Danach ging es zum eigentlich spannenden Teil des Tages … der Einreise in die USA. Man hat ja im Vorfeld viele Geschichten dazu gehört, manche davon fürchterlich, dazu kam auch noch der 11. September. Nun, hier hat sich zunächst wieder unser Business Ticket bezahlt gemacht, denn die BC-Kunden dürfen als erste das Flugzeug verlassen und bekommen auch als erste ihr Gepäck (Priority Label). So waren wir relativ schnell am ersten „Checkpoint“. Nach etwa 20 Minuten, als die Economy mehrerer angekommener Flieger dann fertig off-geboardet war, standen hinter uns bestimmt 1.000 Leute. Wir hingegen waren recht weit vorn und haben etwa 30 Minuten darauf gewartet, erstmal zum Gepäck vorgelassen zu werden.

Dazu muss man dann alle Fingerabdrücke abgeben, es wird ein Lichtbild gemacht und es müssen Pass, sowie Zollformular, auf dem man bestätigt dass man z.B. keine fremden Arten oder große Bargeldmengen einführt, vorgelegt werden. Außerdem werden einige Angaben zum Aufenthalt wie Zweck und Dauer verlangt. Der Beamte von der „Customs and Border Protection“ war jetzt nicht zwingend freundlich aber professionell und fair. Der Vorgang an sich ist unangenehm weil man natürlich präventiv wie ein Verbrecher behandelt wird aber hätte ingesamt schlimmer sein können. Da es strengstens Verboten ist davon Fotos o.ä. zu machen gibt es leider auch keine :).

Dann ging es zur Gepäckausgabe die Dank Business-Priority Label instant funktionierte und damit durch die Zollkontrolle, ähnlich wie man es hier in Europa kennt. Da wurden Stichprobenartig Leute kontrolliert, wir waren zum Glück nicht dabei.
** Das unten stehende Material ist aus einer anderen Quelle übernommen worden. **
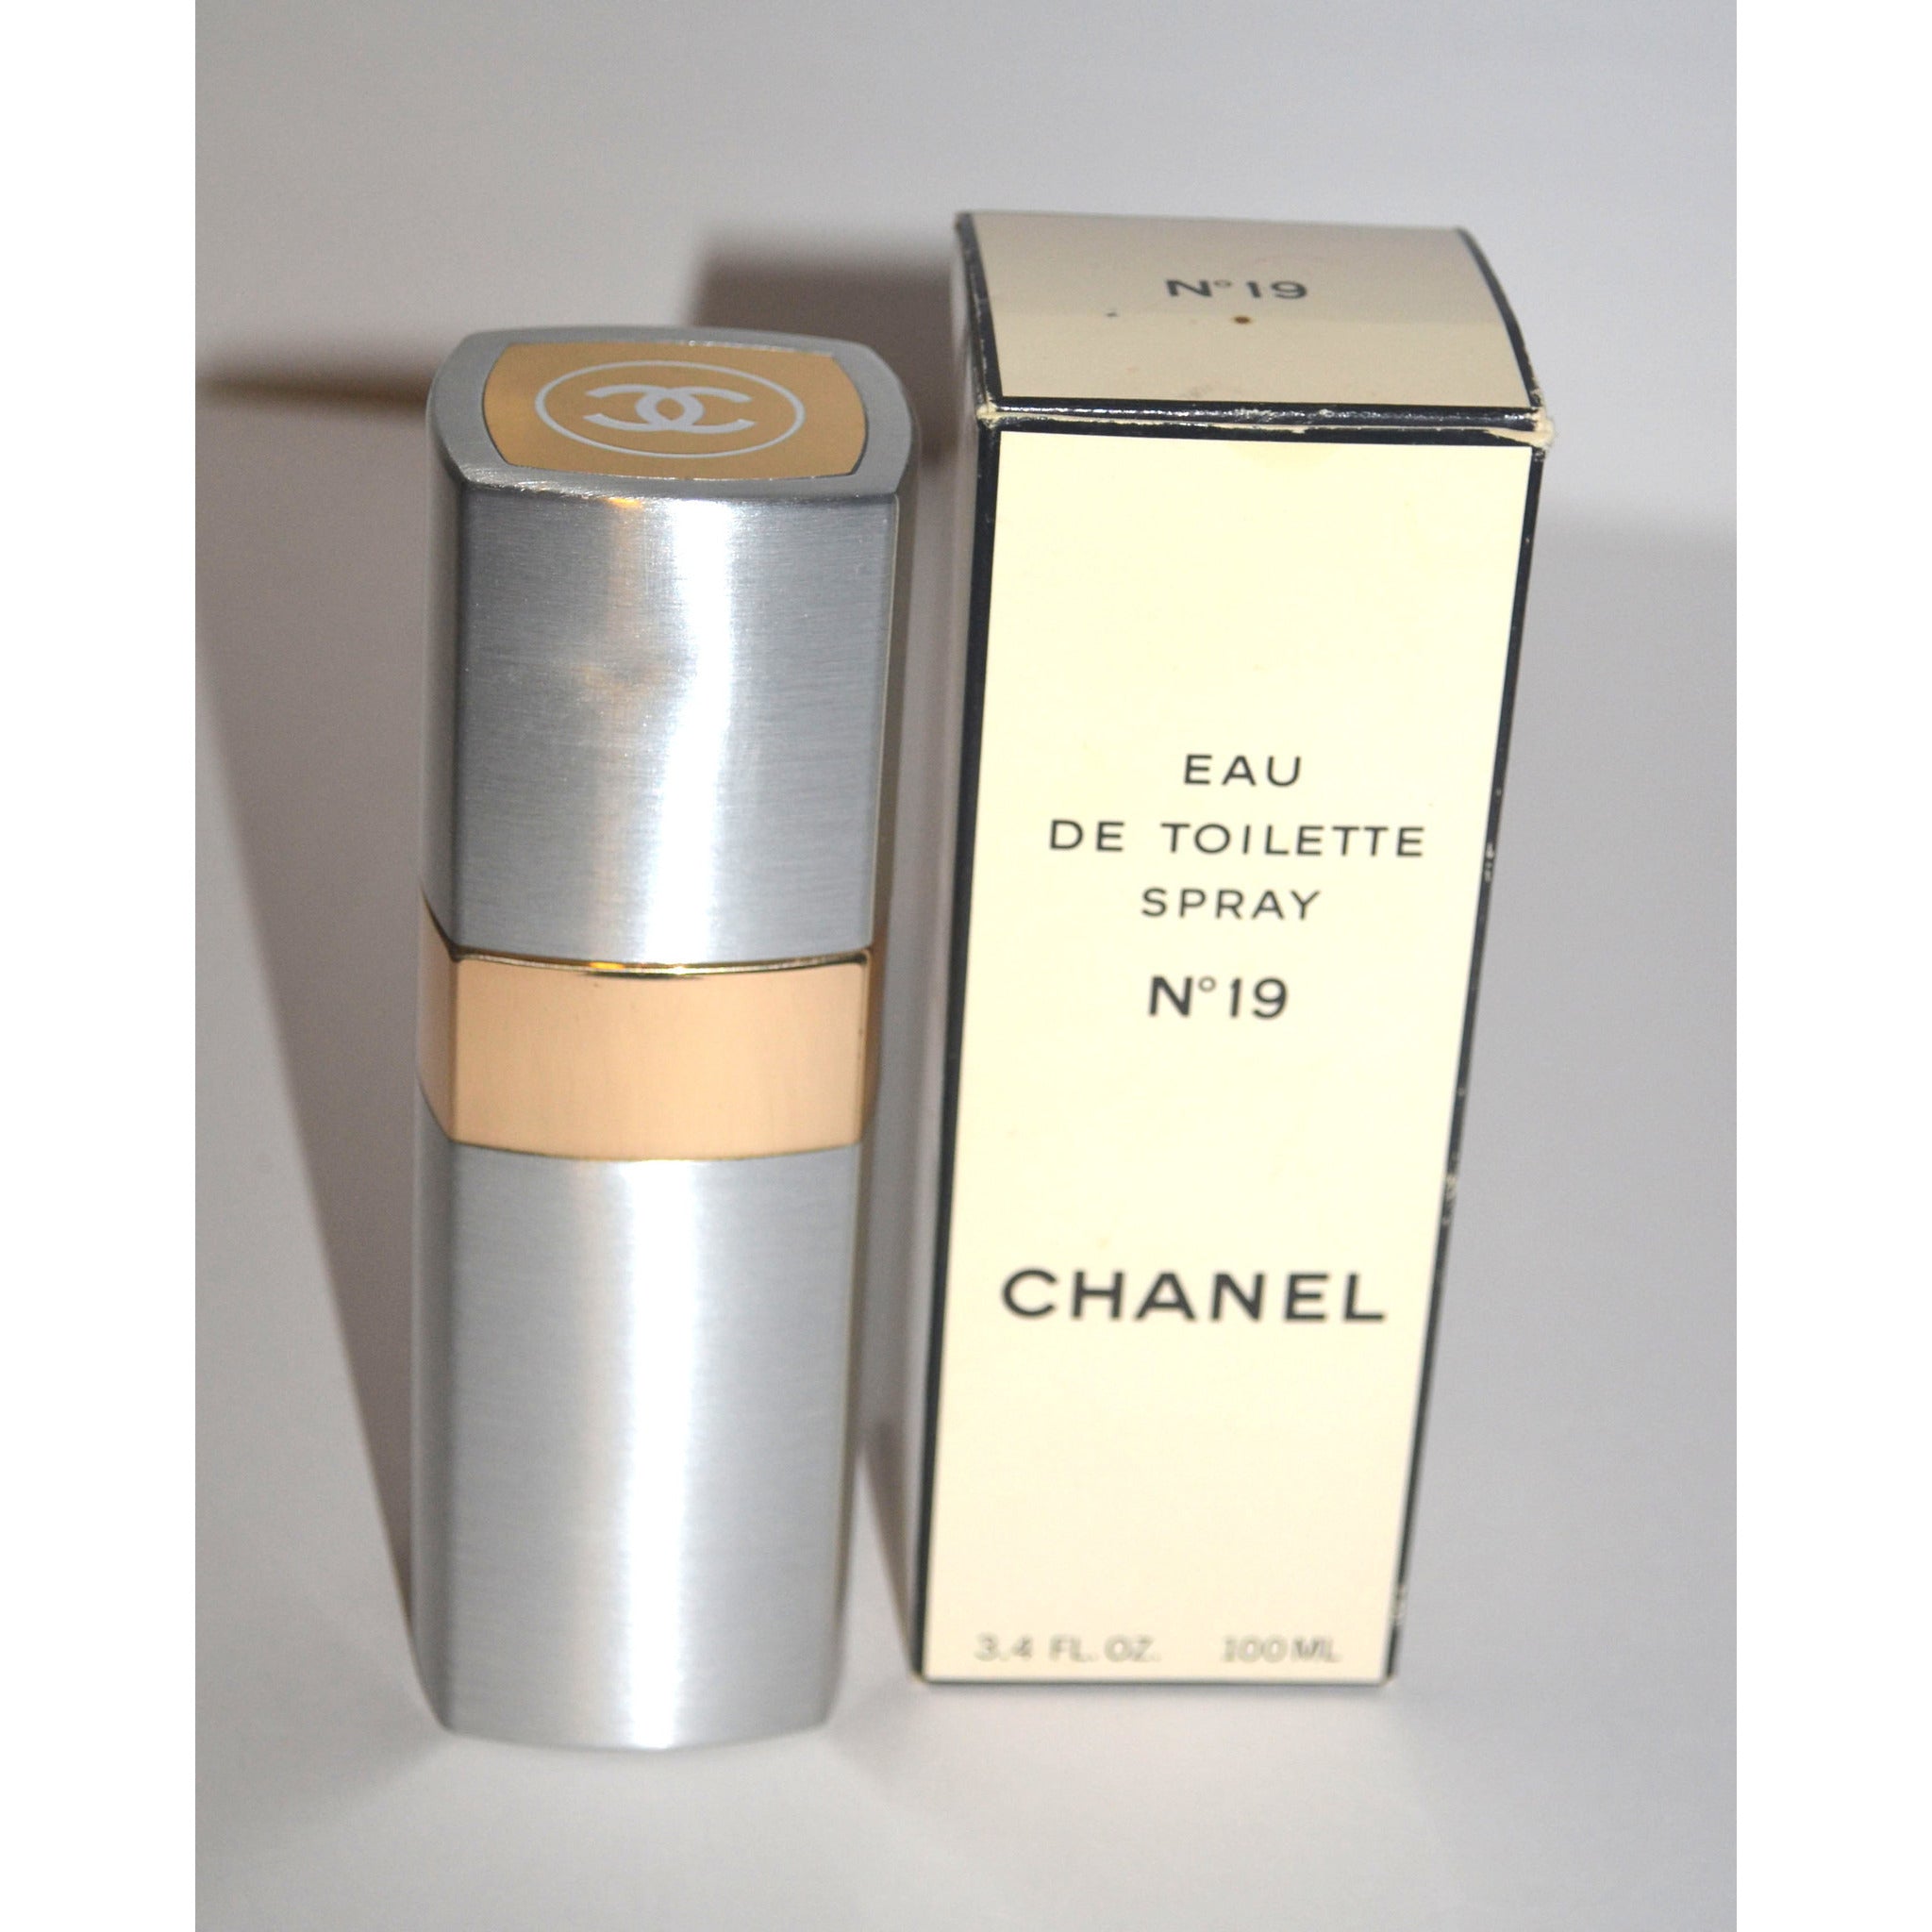 Chanel No. 19 eau de parfum vintage

Damit hatten wir es geschafft! Nach einem 12 Stunden Flug und ca. einer Stunde „Immigration“ haben wir endlich US-amerikanischen Boden getreten und kalifornische Luft geschnuppert :). Davon handelt dann aber eine andere Geschichte weil ich vor ca. 46 Stunden das letzte mal in einem ordentlichen Bett erholsam geschlafen habe und mir für noch einen Artikel die Energie fehlt. Ich reiche ihn aber gerne morgen früh, d.h. heißt für euch dann am späteren Abend, nach. Hier ist es jetzt kurz nach 23 Uhr und somit eine gute Zeit den Matrazenhorchdienst anzutreten … in Europa wäre es jetzt die zweite durchgemachte Nacht in folge … auf geht’s, ab geht’s drei Tage … ach ne lass mal :).

Gute Nacht an mich und meine Mitstreiter und ein fröhliches guten Morgen ans andere Ende der Welt ;).